Have you ever experienced the joy of feeling like you finally made it (perhaps it was graduating, landing your first job, or getting married) only to discover that the difficult part of your journey was about to start? For me that experience was coming home after being burned. I was nine-years-old, had just spent almost five months in hospital, endured a couple dozen surgeries and lost my fingers to amputation. The painful experience of being away from family, in the hospital, continuous procedures and constant pain was finally over. The celebration was on!

Earlier in the morning my family arrived at the hospital with a wheelbarrow full of Lifesaver candy and bottles of champagng for the staff who worked so tirelessly and faithfully for so many months. Mom pushed my wheelchair down the hall, onto the elevator and out the door.

We pulled out of the parking lot, made the five minute drive home, turned onto our street and were overwhelmed by the cars, fire trucks, balloons and friends lining it.Sitting under an awning, a line formed of family, friends, classmates, neighbors, first responders and community members welcoming us home. Music played and people cried; the miracle happened.Eventually, though, our friends went home, the cars pulled away, the front door shut and we were left to decide how we’d move forward as a family.That night Mom made my favorite meal: au gratin potatoes (I was a strange kid!). We sat around the kitchen table in our reconstructed house as a family for the first time since the night before the fire.

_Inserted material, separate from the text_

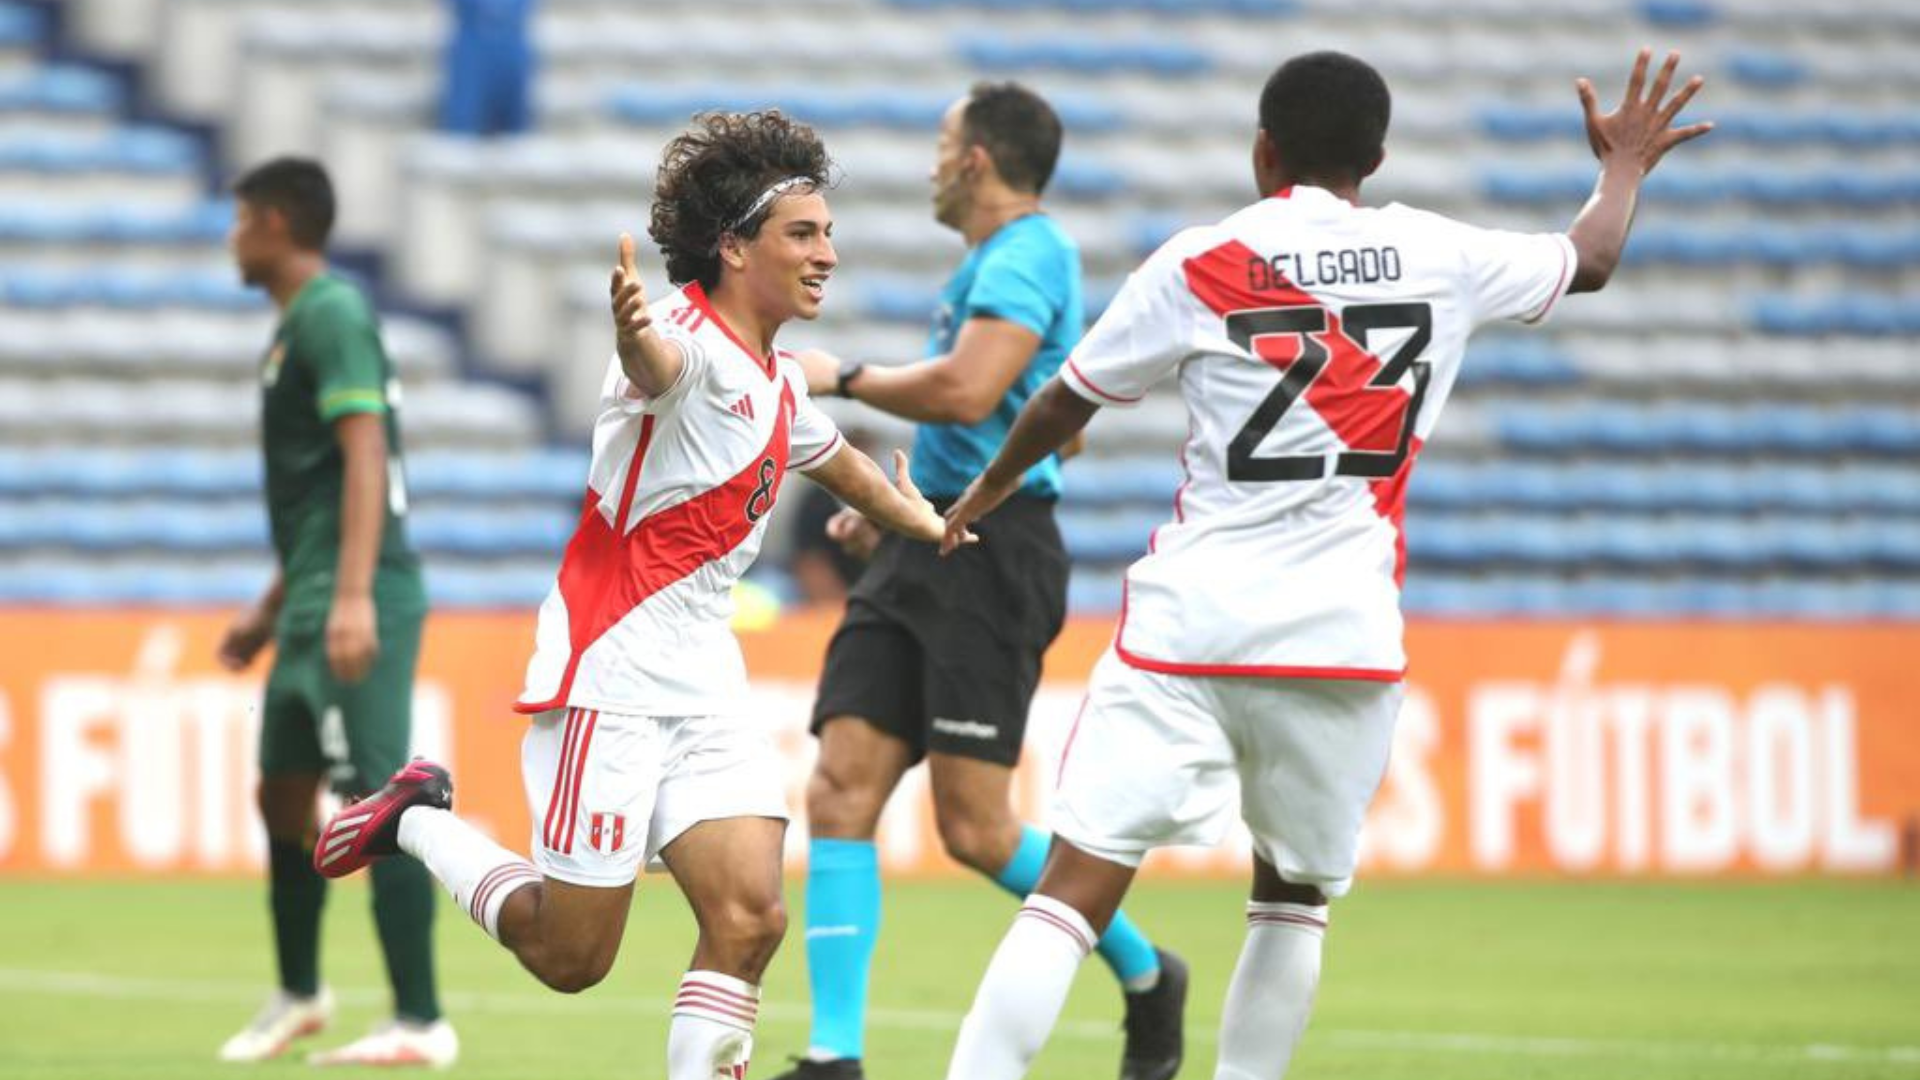 Golazo de Bassco Soyer tras contragolpe perfecto para el 1-0 de Perú vs Bolivia por Sudamericano sub 17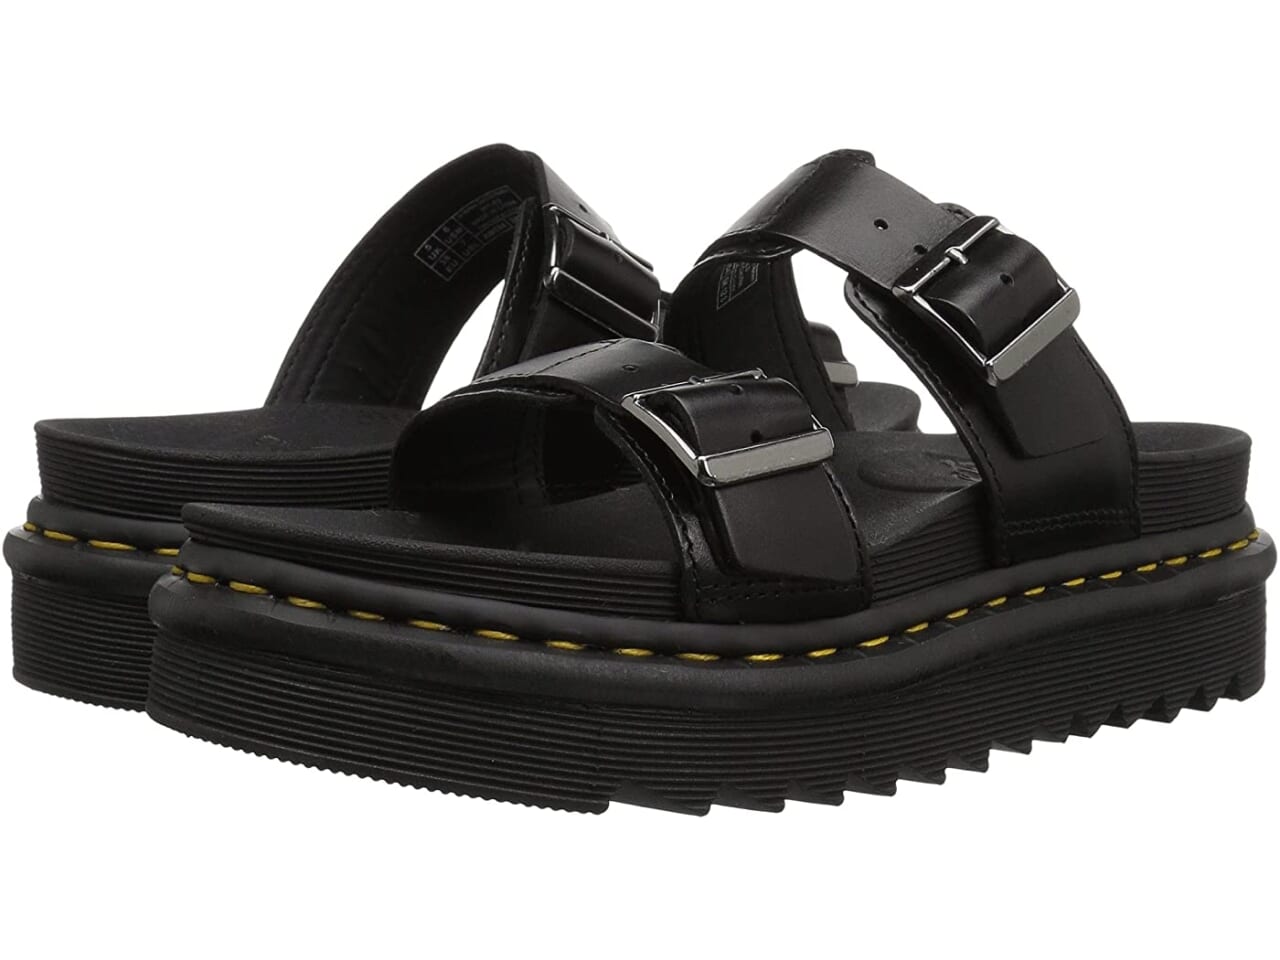 summer sandal trends 2021

The food smelled and looked delicious, but because of wrappings, splints and the inability to hold a fork, I could not partake. My sister, Amy, thoughtfully grabbed my fork, speared a few potatoes and elevated them toward my mouth. Mom said to her, “Put that fork down, Amy. If John is hungry he’ll feed himself.”

That night I cried at the table. I got mad at my mom. I told her I could not do it, that it wasn’t fair and I’d been through enough. The night shifted from celebration and laughter to upheaval and contention.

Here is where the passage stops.